Hatten Sie und Ihr Makeup-Team dabei je mehr Figuren, die auf Erschöpfung, Verletzung, Überlastung geschminkt werden mussten?

Mit bis zu 15 Schauspielern und durchschnittlich 30 Komparsen gab es tatsächlich viele Figuren, die pro Tag von uns in dieser Hinsicht behandelt werden durften. Um all ihren Geschichten Leben einzuhauchen, war also viel zu tun für mich und meine acht wunderbaren Kolleginnen. Dahingehend war es eines der aufwendigsten Sets, für das ich verantwortlich sein durfte, und ich finde, wir haben alle Herausforderungen mit großer Freude gemeistert.

Ist es herausfordernder, reale Zombies wie Ben zu schminken, oder surreale wie die Untoten in „The Walking Dead“, wofür Sie ja auch schon zuständig waren?

Weil man sehr präzise arbeiten und die feine Linie zwischen Glaubhaftigkeit und Überhöhung finden muss, finde ich Erschöpfung tatsächlich manchmal fast schwerer zu schminken als Monster. Auf dieser Linie kann fiktional einerseits ein wenig überhöht werden, man darf aber die Nahbarkeit und Authentizität der Figur nie aus den Augen verlieren.

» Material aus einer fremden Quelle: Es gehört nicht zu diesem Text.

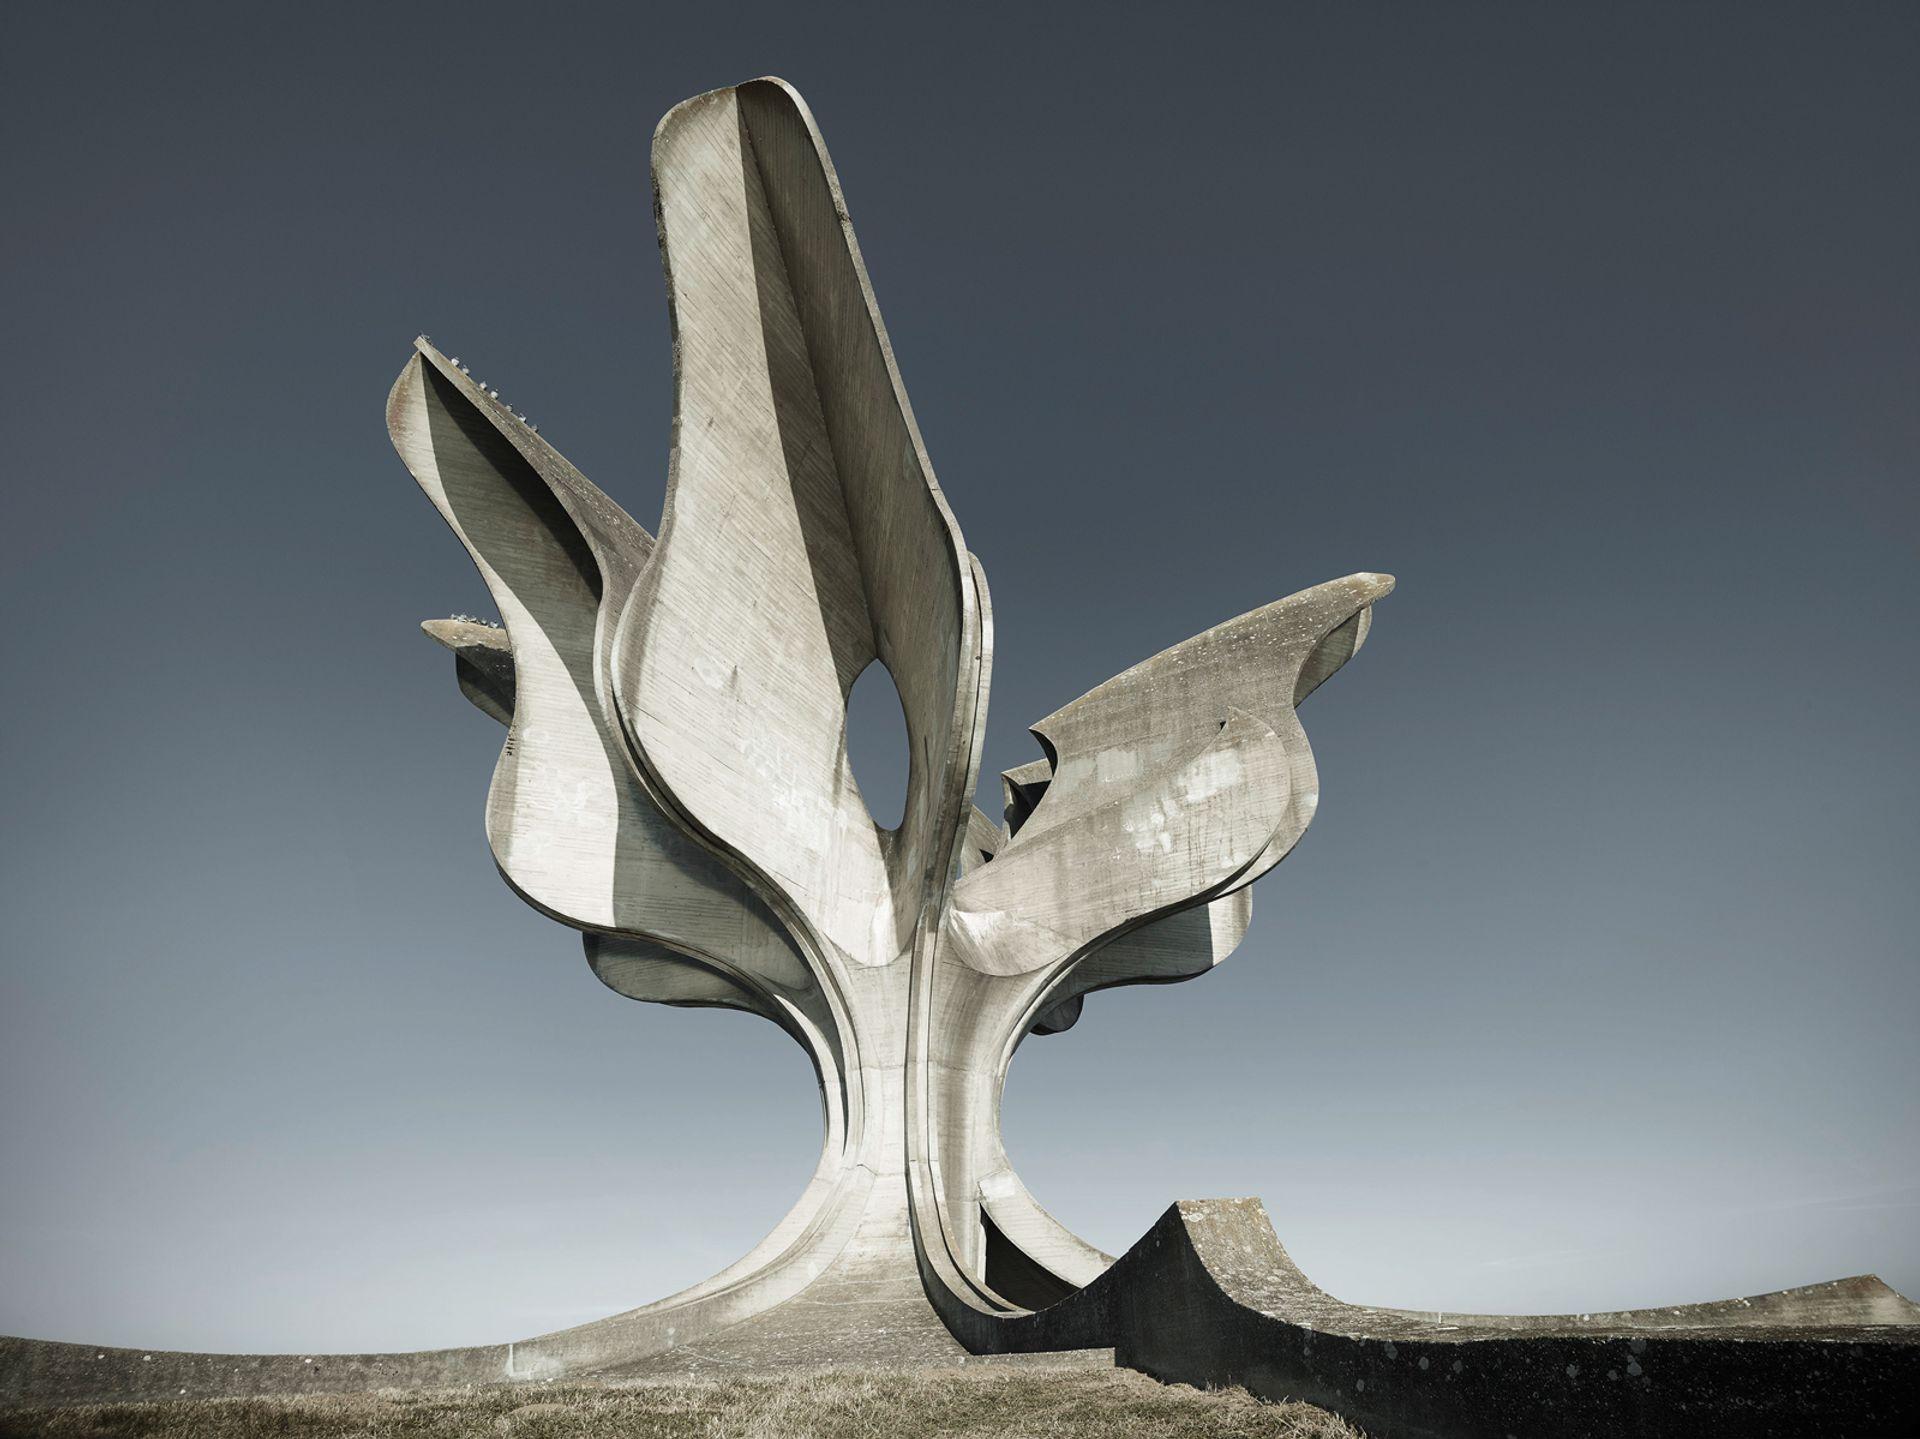 The Jasenovac Memorial by Bogdan Bogdanović's (1959-66) Courtesy of the artist; Photo: Valentin Jeck

Sind das rein handwerklich ähnliche Herausforderungen wie in einer Horrorserie?

Die Herausforderungen sind nicht identisch, aber es gibt Überschneidungen. Beim Character-Design überlegt man sich grundsätzlich äußere Merkmale, die das Leben der Figur widerspiegeln: Piercings, Haarfarbe, Frisur, Tattoos, all sowas. Hinzukommen aber auch hier Spezialeffekte, die buchstäblich unter die Haut gehen, wo es aber Abstufungen gibt: eingefallene oder zerfledderte Wangen, kleine Kopfverletzungen oder offene Schädeldecken – das Spektrum ist groß. Aber auch, wenn sich die handwerklichen Herausforderungen überschneiden, wirken sie in "Krank Berlin" wahrscheinlich nicht so martialisch wie bei einer Horrorserie.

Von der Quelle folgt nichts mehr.